System for analysing of big data on cybersecurity issues from social media

Authors

DOI:

https://doi.org/10.20535/2411-1031.2020.8.1.217993

Keywords:

social media monitoring, cybersecurity, open-source intelligence, social media analysis, CyberAggregator

Abstract

The paper proposes and substantiates approaches to building a corporate system for monitoring and analyzing social media on cybersecurity issues, which are based on the concept Big Data, Data/Text Mining, Information Extraction, Complex Networks, and Cloud Computing. The components of Elastic Stack technology, Sphinx information retrieval system, Graph Data Base Management System Neo4j, and Gephi graph analysis system are examined in detail. The main idea of a system for analyzing large amounts of data on cybersecurity issues from social media is the simultaneous application of methods and means of information retrieval, data analysis, and aggregation of information flows. The system should ensure the implementation of the following functions: the formation of databases by collecting information from certain information resources; settings for automatic scanning and primary processing of information from websites and social networks; maintaining full-text information databases; identifying duplicates similar in content to informational messages; full-text search; analysis of text messages, determination of tonality, the formation of analytical reports; integration with geographic information system; data analysis and visualization; study of the dynamics of thematic information flows; predicting developments based on the analysis of the dynamics of the publication in social media; providing access for many users to the functional components of the system.
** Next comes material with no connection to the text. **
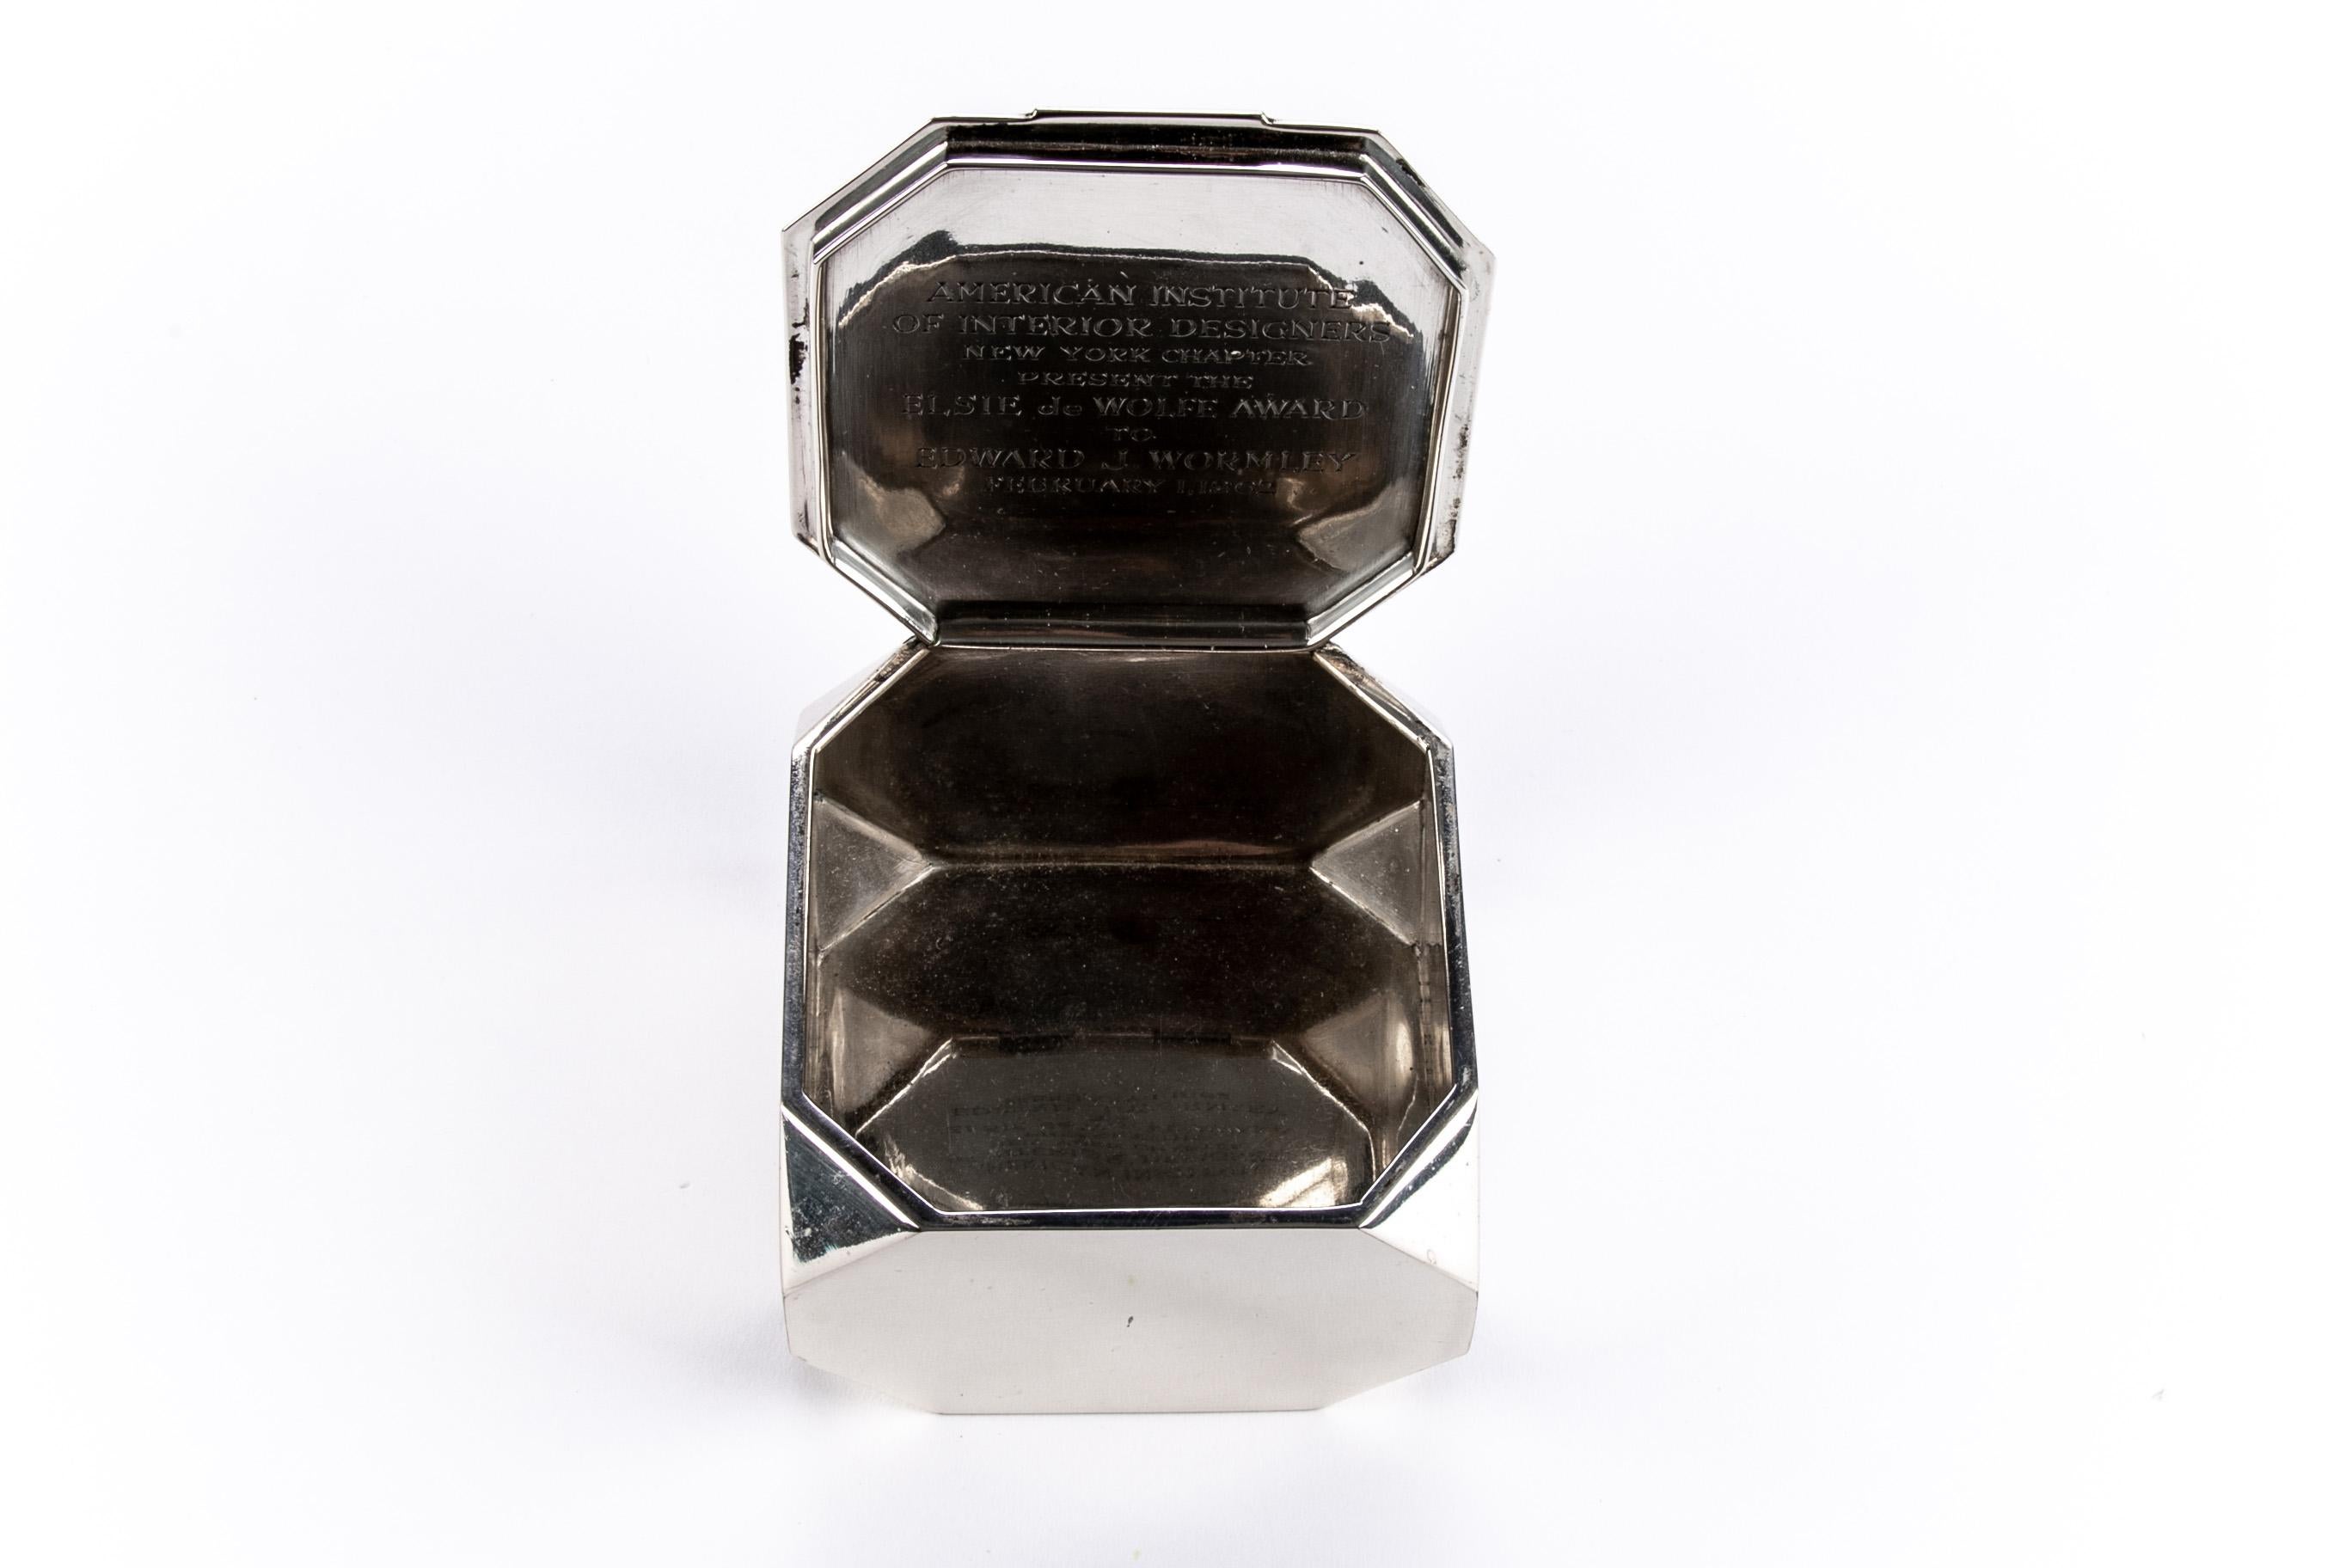 Mid-Century Modern Tiffany & Co. Sterling Silver Edward J. Wormley Presentation Award Box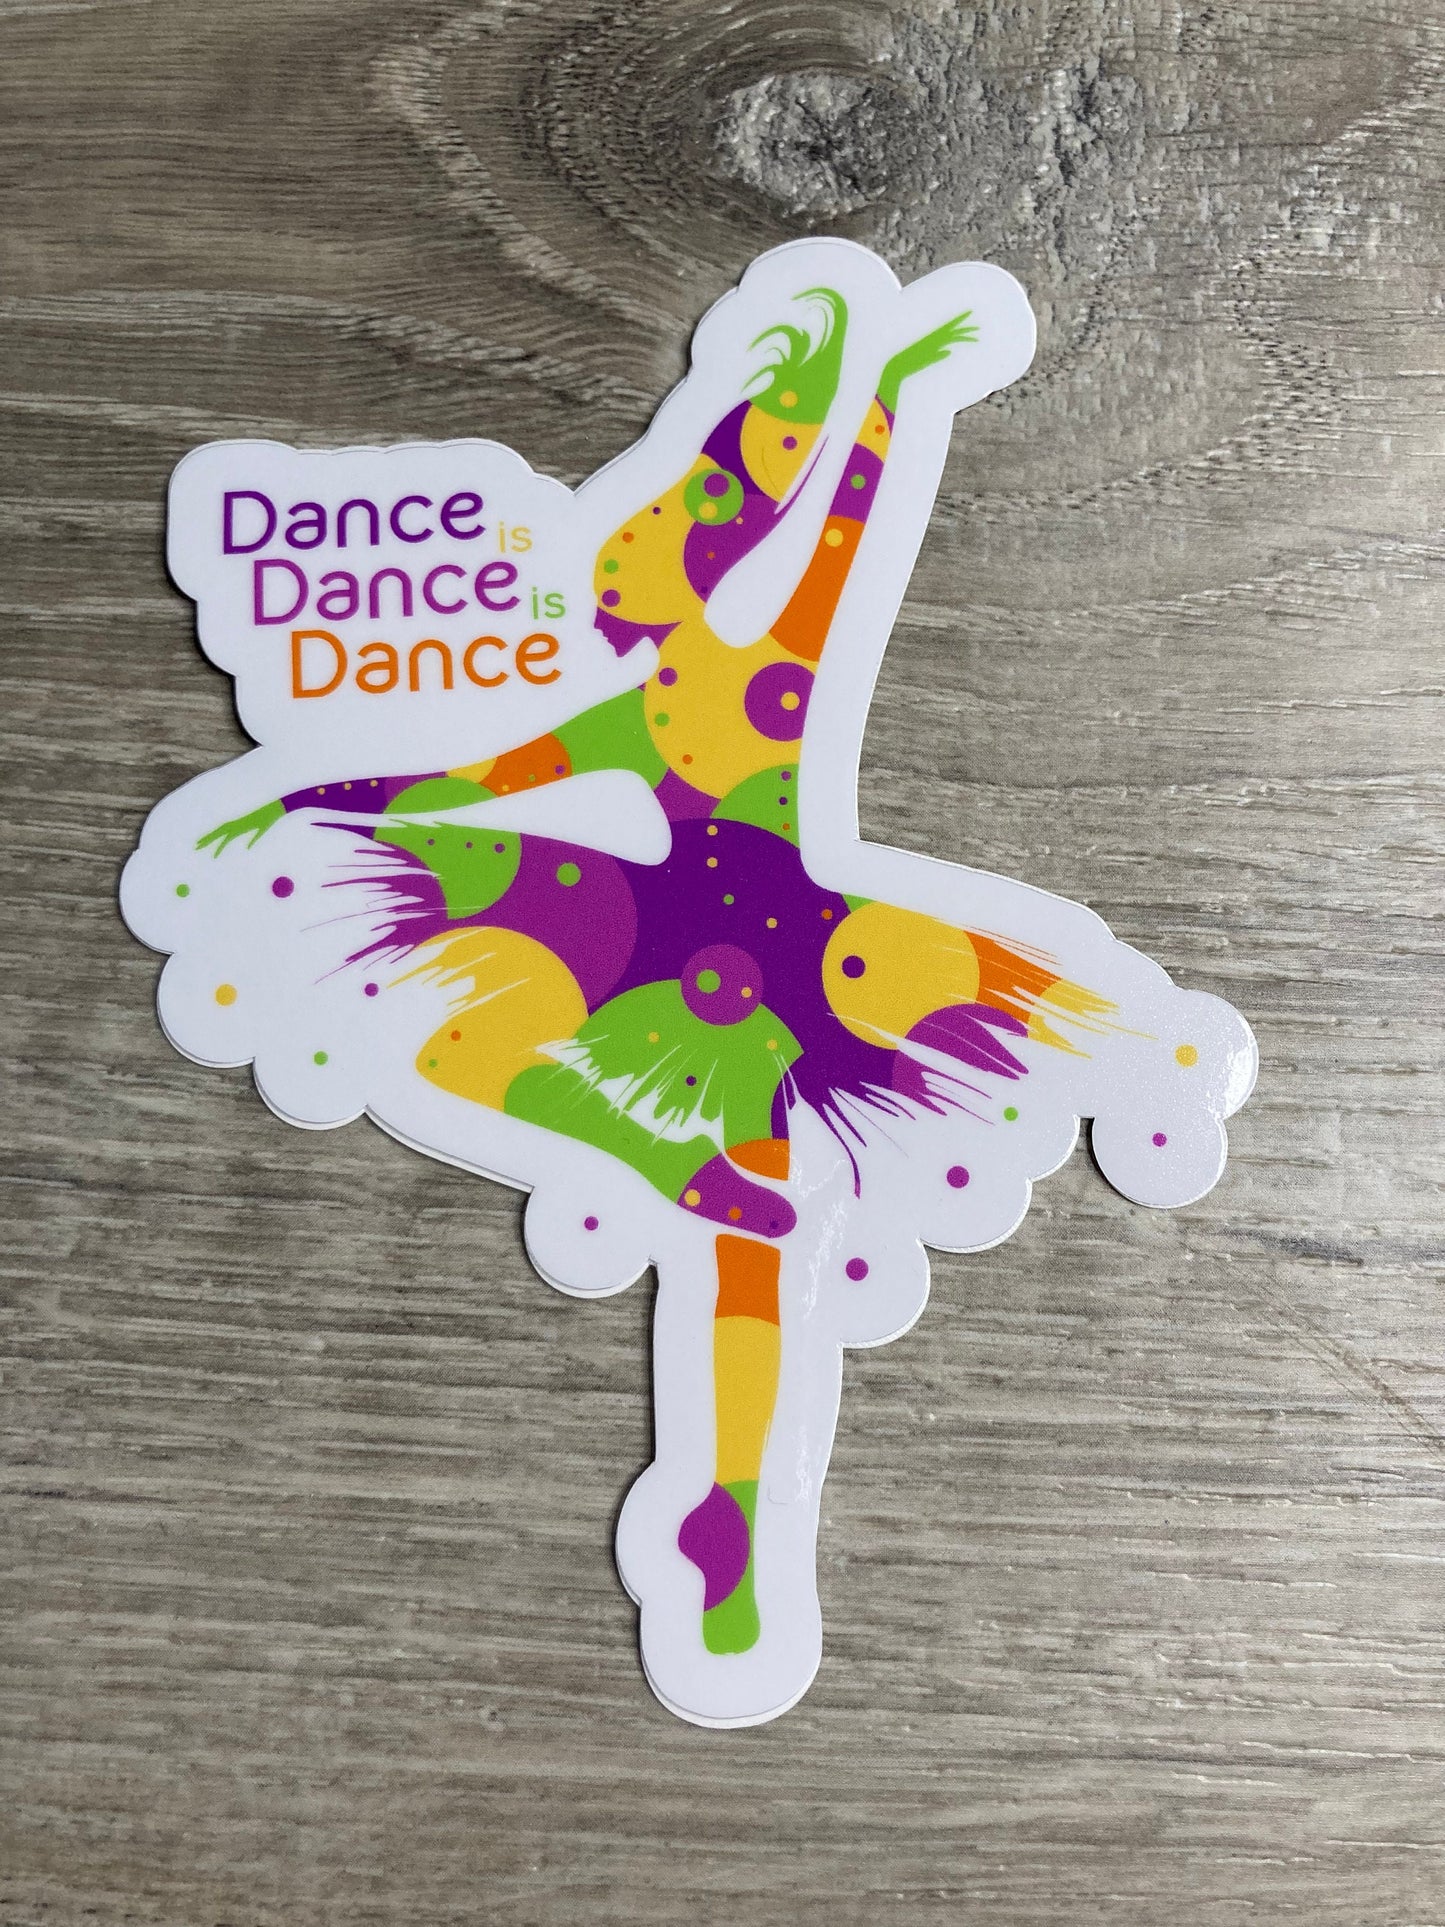 Dance Is Dance Is Dance Vinyl Sticker, Vinyl Decal, Laptop Sticker, Dance Sticker, Gifts For Dancers, Ballet Gift

The practical significance of the results is to create a working layout of the content monitoring and analysis system of social media on cybersecurity issues, ready to be used as a component in information and cybersecurity decision support systems.  The interface of the system layout is considered, in which the functions of search, analysis, and forecasting of information appearance in social media are available. Central to the interface is a digest of the most relevant user needs. In the analytical mode, a number of tools are implemented for graphical presentation of the analyzed data, which are displayed as a time series of the number of relevant queries per day, as well as viewing the main topics, clusters grouped by predefined reference words. The system provides modes for forming networks of concepts that correspond to individual messages (persons, brands) and information sources that allow you to rank the concepts and explore the relationships between them.

Author Biographies

Dmytro Lande, Institute for information recording of National academy of science of Ukraine, Kyiv,

doctor of technical science, professor,
head at the specialized modeling tools
department

Oleksandr Puchkov, Institute of special communication and information protection National technical university of Ukraine “Igor Sikorsky Kyiv Polytechnic Institute”, Kyiv,

candidate of philosophy science,
professor, head

Ihor Subach, Institute of special communication and information protection National technical university of Ukraine “Igor Sikorsky Kyiv Polytechnic Institute”, Kyiv,

doctor of technical science, associate professor,
head at the cybersecurity and application
of information systems and technologies
academic department

References

D. V. Lande, I. Yu. Subach, and Yu. Ye. Boyarinova, Fundamentals of the theory and practice of data mining in the field of cyber security, Kyiv: Institute of special communication and information protection of National technical university of Ukraine “Igor Sikorsky Kyiv polytechnic institute”, 2018.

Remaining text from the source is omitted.